# WHAT IS EXPECTED
For every line in the material below that holds "about", report the line.

--- START ---

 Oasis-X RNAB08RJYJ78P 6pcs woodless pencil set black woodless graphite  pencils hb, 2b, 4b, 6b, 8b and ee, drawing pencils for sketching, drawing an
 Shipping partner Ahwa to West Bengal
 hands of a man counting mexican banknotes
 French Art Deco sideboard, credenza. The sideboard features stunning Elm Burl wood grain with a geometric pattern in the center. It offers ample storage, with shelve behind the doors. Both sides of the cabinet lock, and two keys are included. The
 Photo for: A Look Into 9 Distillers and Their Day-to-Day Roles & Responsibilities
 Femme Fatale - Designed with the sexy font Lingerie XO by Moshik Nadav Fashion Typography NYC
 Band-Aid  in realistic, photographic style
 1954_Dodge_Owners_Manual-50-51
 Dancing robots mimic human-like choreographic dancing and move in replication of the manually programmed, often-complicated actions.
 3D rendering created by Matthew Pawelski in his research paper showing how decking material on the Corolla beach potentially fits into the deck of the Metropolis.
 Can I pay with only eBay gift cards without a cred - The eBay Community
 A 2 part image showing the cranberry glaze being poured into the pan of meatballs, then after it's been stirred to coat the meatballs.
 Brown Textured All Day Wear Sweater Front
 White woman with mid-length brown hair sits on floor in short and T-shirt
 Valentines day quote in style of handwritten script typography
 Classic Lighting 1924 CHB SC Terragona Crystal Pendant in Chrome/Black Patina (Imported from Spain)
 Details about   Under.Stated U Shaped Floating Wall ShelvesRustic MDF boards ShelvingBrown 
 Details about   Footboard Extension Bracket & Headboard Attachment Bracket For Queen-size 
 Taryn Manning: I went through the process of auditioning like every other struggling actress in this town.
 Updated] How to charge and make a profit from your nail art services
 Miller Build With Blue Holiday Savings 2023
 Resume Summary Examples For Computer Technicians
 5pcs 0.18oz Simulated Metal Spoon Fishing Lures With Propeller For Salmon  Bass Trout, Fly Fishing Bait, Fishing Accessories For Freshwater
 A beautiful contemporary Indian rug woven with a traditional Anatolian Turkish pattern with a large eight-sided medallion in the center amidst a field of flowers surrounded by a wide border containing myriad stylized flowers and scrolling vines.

--- END ---

# EXPECTED ANSWER
 Details about   Under.Stated U Shaped Floating Wall ShelvesRustic MDF boards ShelvingBrown 
 Details about   Footboard Extension Bracket & Headboard Attachment Bracket For Queen-size 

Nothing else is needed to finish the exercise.